ALPINESTARS – “Burning Up”

Oh irony! The two tracks I like best on City Rockers’ Futurism compilation – the two I could see myself learning to love – are the two which remind me most of the sparky or melancholy moods of, yes, indie pop. Well, “remind” in the sense that a racehorse might remind you of a rhino – there’s a family connection and maybe nothing more. But Tik Tok and Soffy O, and the Alpinestars, are drawing the charge their songs need from guitar music nonetheless.

And it works. Futurism is by no means a bad record – once I’d trained myself to stop spooning over the lost 1980s and take the tracks on their merits it turned out quite lovely, a glide through an enjoyably girly dance substyle. What the turns on the compilation have in common is a willingness to take every sneer thrown at electro-pop – it’s cold, it’s shallow, it’s unmusical, it’s a novelty, blah blah – and amplify them. Felix Da Housecat and Miss Kitten trax are so untouchably glassy, so deadpan-decadent that it makes you giggle, in a clubby, in-on-the-joke way.

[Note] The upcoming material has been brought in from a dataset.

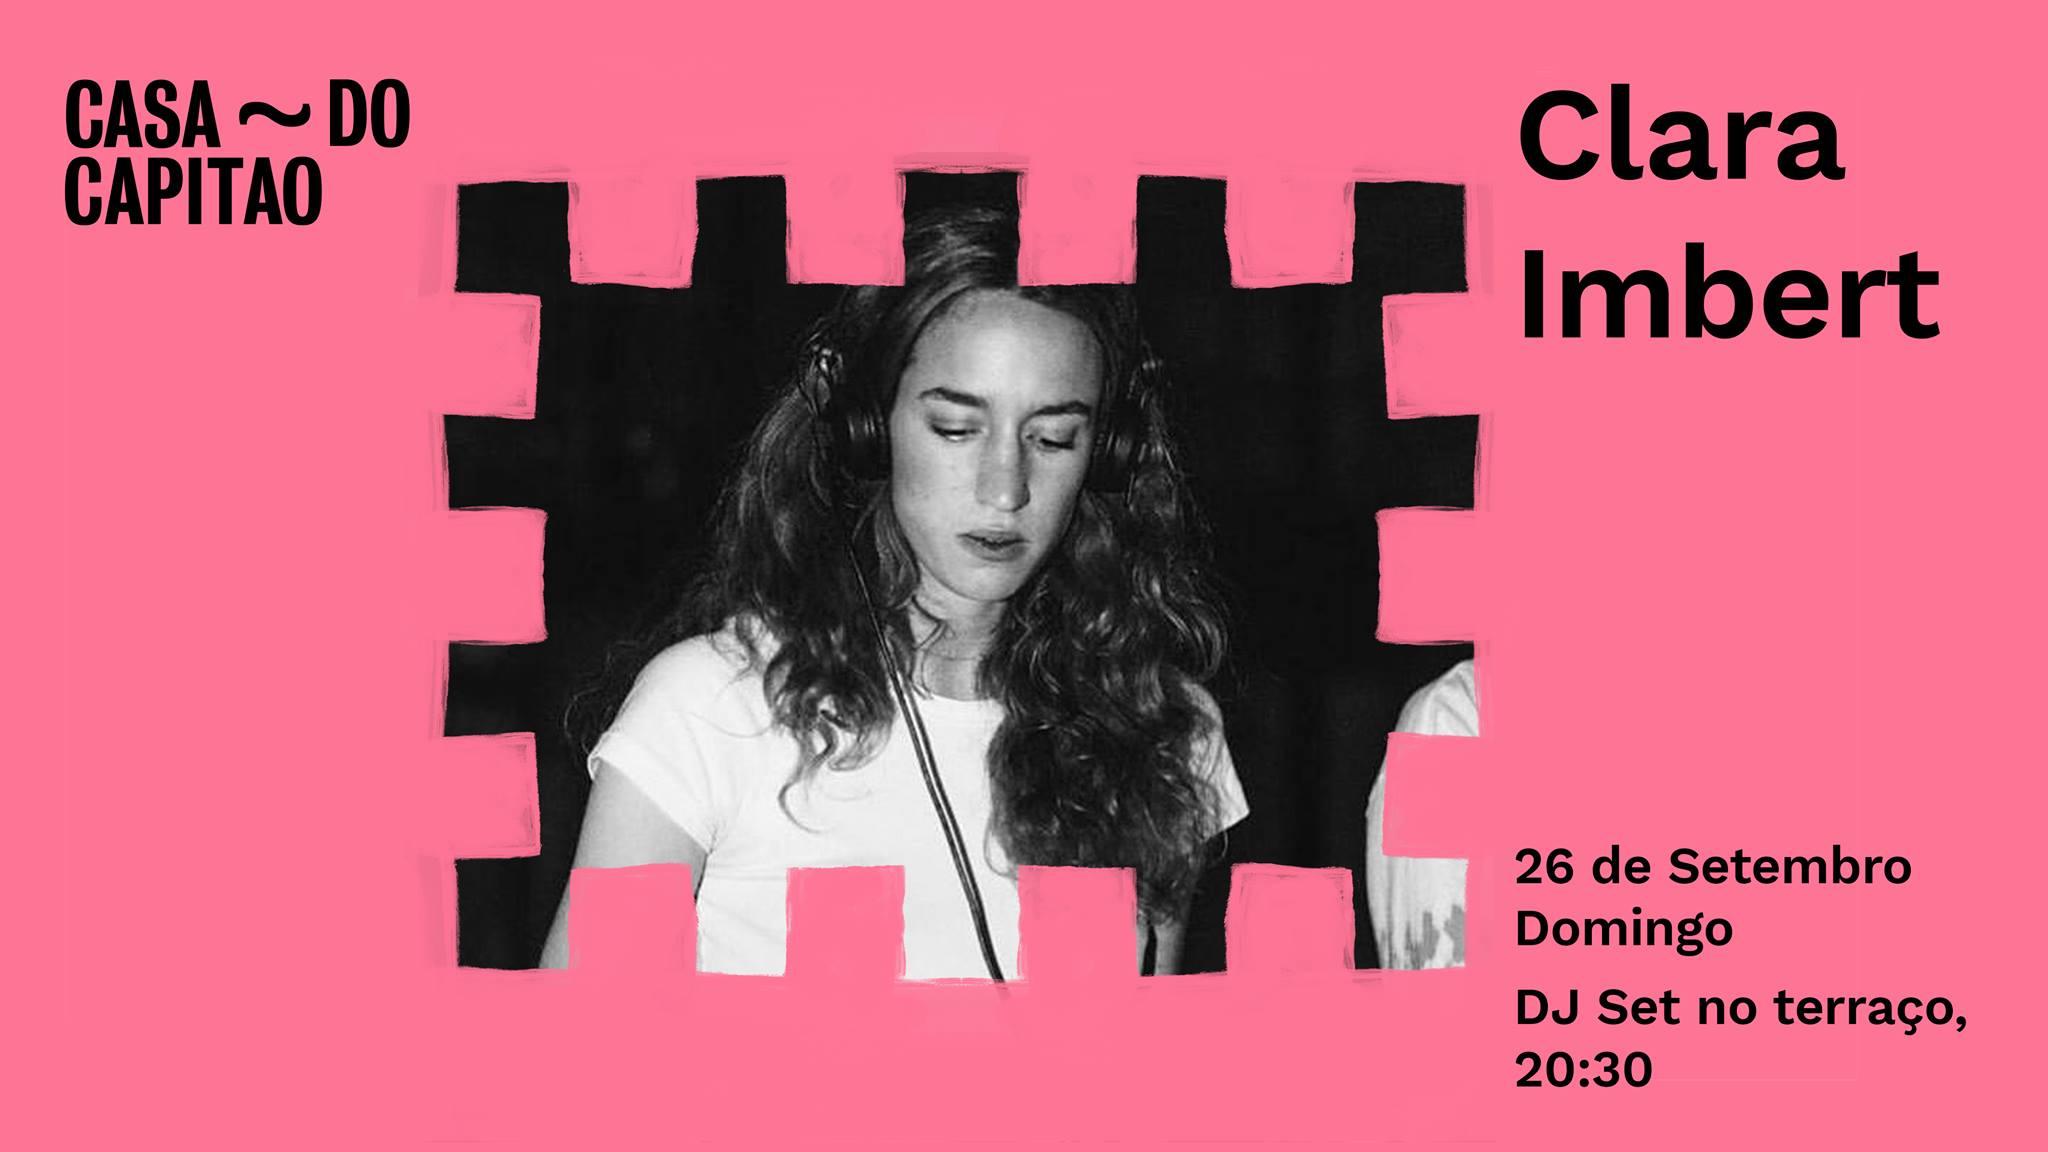 Clara Imbert • DJ Set no terraço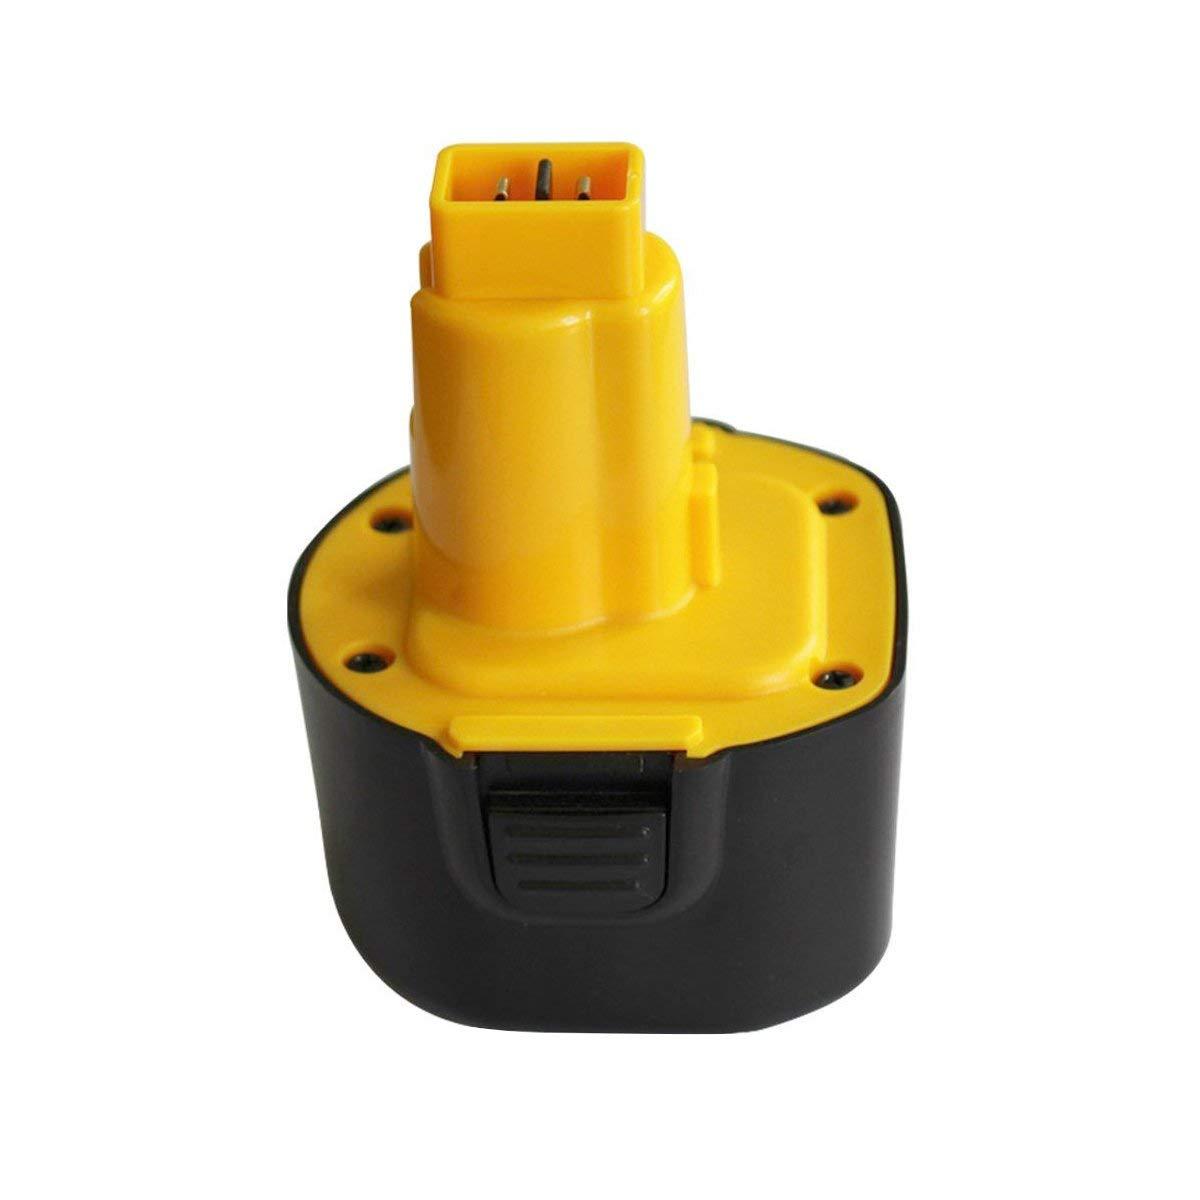 9.6V 2.0Ah DeWalt DW9062 DW9061 DE9036 DE9061 DE9062 DW9614 DW050 Replacement Battery (Also Compatible with Black and Decker PS120 Battery)

So Futurism works by actually making the music rockboys always warned us about. But there’s an unexpected side-effect, which is that guitars here (nothing so tacky as a riff, but guitars nonetheless) suddenly really do have the power the rockboys claimed they had. After ten tracks of archness and anomie and powder and chrome, Aplinestars shuffle in with a sad New Order bass hook and it sounds so humble, weak and human you want to hug it. “Burning Up”. It’s not that Alpinestars are ‘sincere’ and Felix etc are ‘ironic’ (pointless categories with this music), it’s just that every party has its wallflowers and they’re often the people you most want to talk to.

The rest of “Burning Up” balances this hunched-up fragility (in the bass and the voice) with a rigid aloofness more typical of the Futurism style. The track works best in compilation context. “Missy Queen’s Gonna Die” is a different thing entirely: another link in a now-sound discopop chain that might go “Hard To Explain”-“Stroke Of Genie-ous”-“Get The Party Started”-“Missy Queen”-“Bootylicious”-“Silver Screen Shower Scene”. If we are to have guitars, let them be as plastic, as silvery, as rhythmic, as everything else around! “Missy Queen” has one of the best hooks on Futurism, which helps, but the guitars give it a bounce almost none of the other tracks try for.

Liking both these songs feels like a bit of a cheat, even a retreat – do I just want comfortable pleasures and not the really new? But no, I’ve been listening to stuff like Futurism half my life, I don’t think it’s quite that. Like the bootlegs using Fischerspooner or Adult, what these two songs suggest to me about nu-electro is how brilliantly it works as an additive element in the huge gleeful soundmix pop is these days, a flavouring rather than a feast in itself.